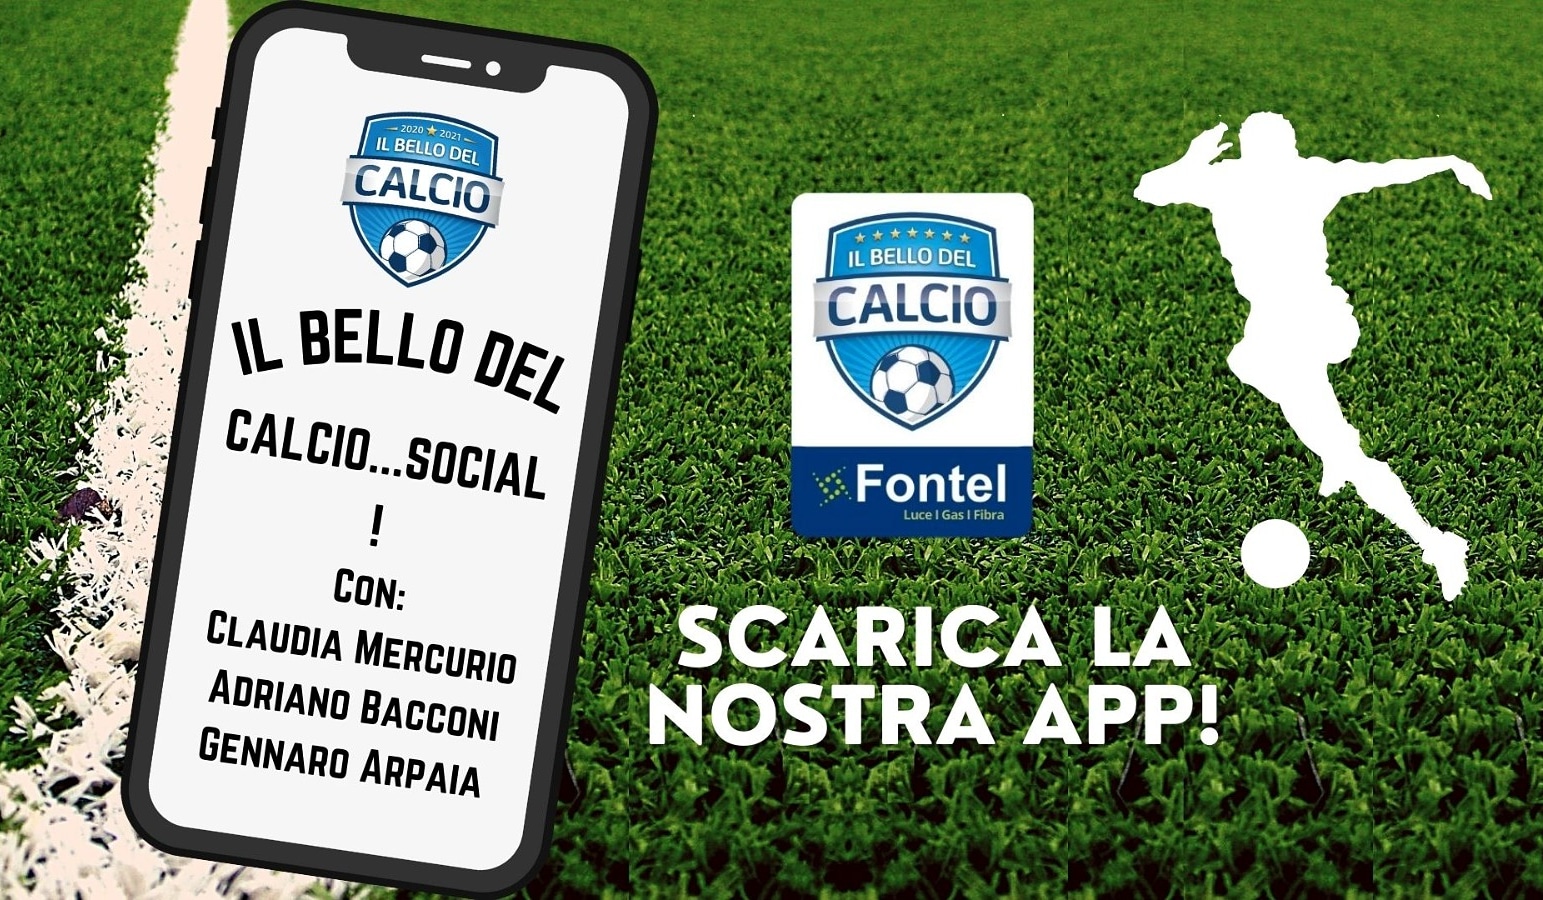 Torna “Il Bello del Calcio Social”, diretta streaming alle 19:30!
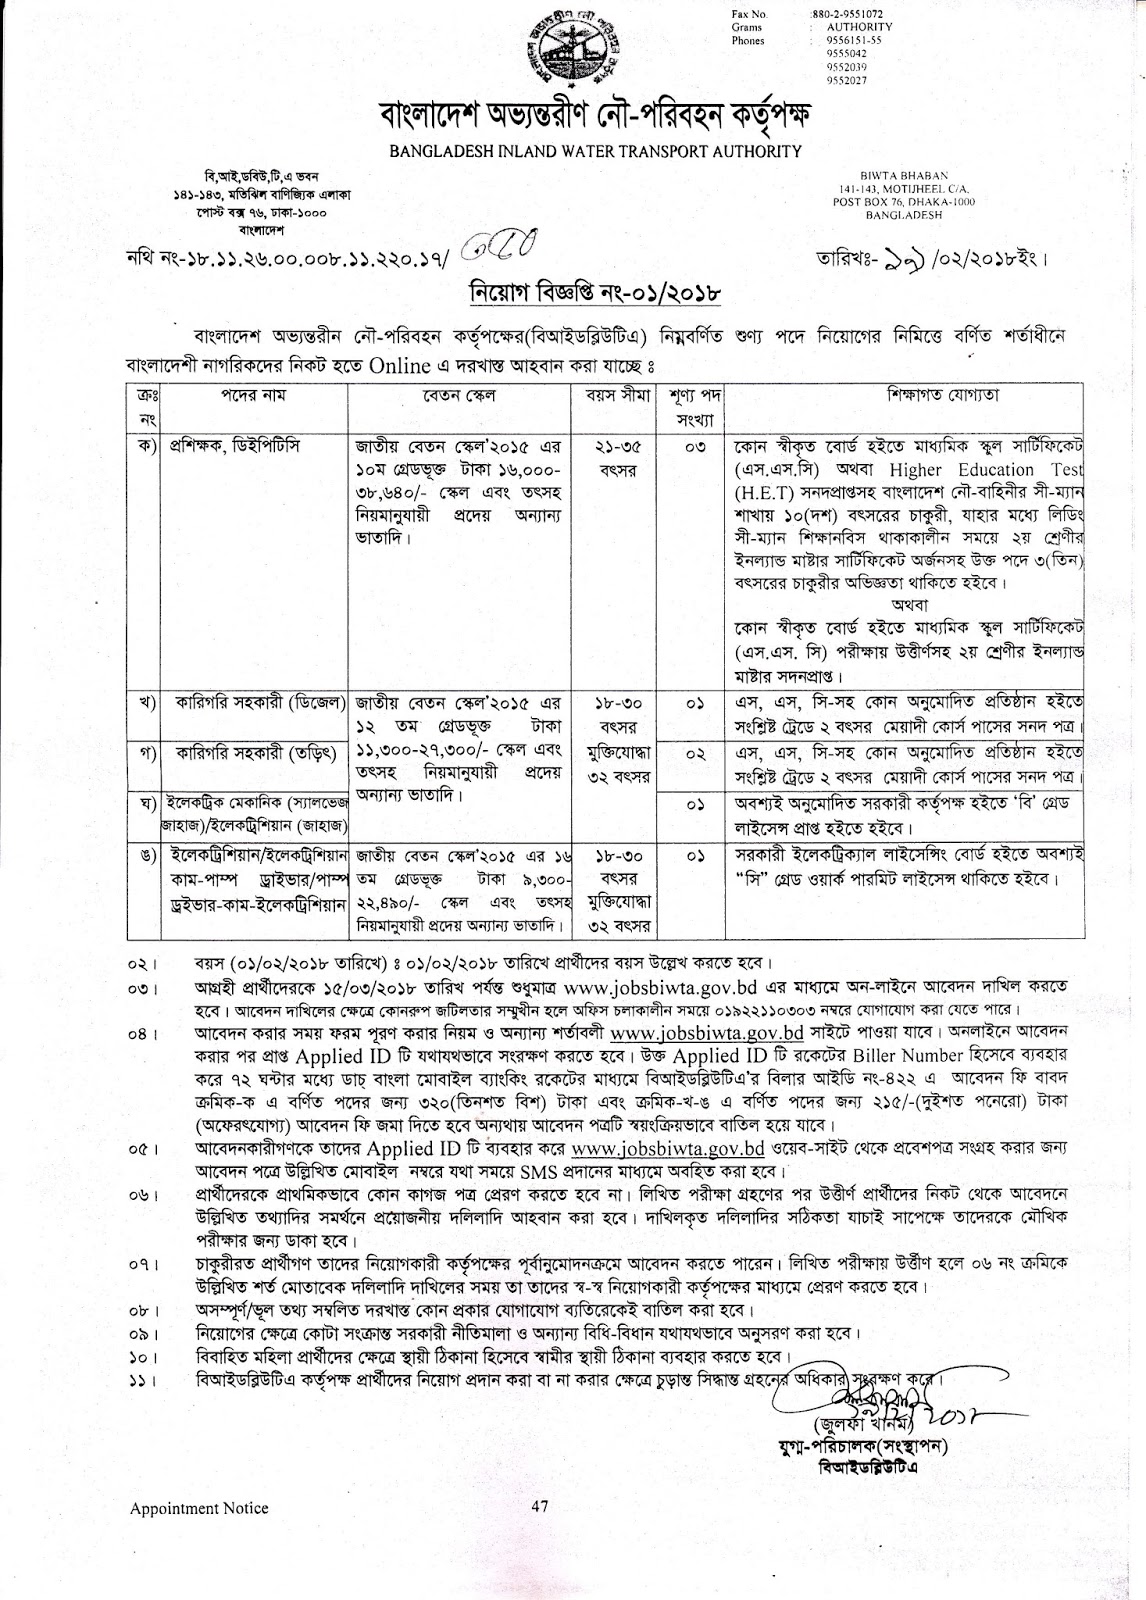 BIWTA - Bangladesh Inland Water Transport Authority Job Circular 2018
...
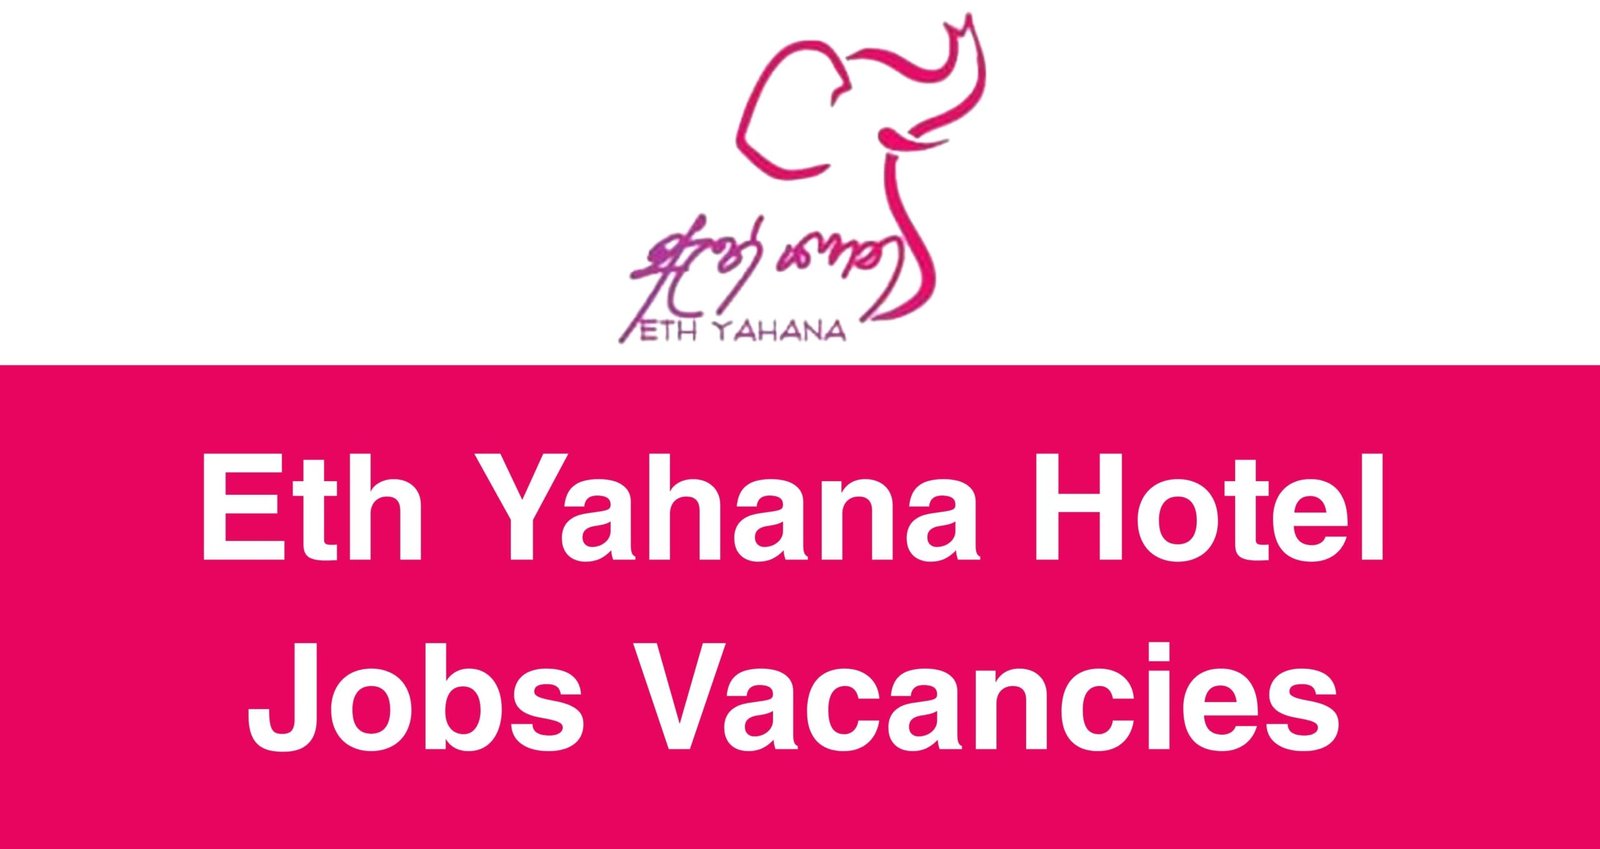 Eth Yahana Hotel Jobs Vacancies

What this task involves.
Retype, exactly and with no pictures, everything above from the line with "streaming alle 19:30!" down to the line with "BIWTA - Bangladesh", both included.

Written solution.
 Torna “Il Bello del Calcio Social”, diretta streaming alle 19:30!
 BIWTA - Bangladesh Inland Water Transport Authority Job Circular 2018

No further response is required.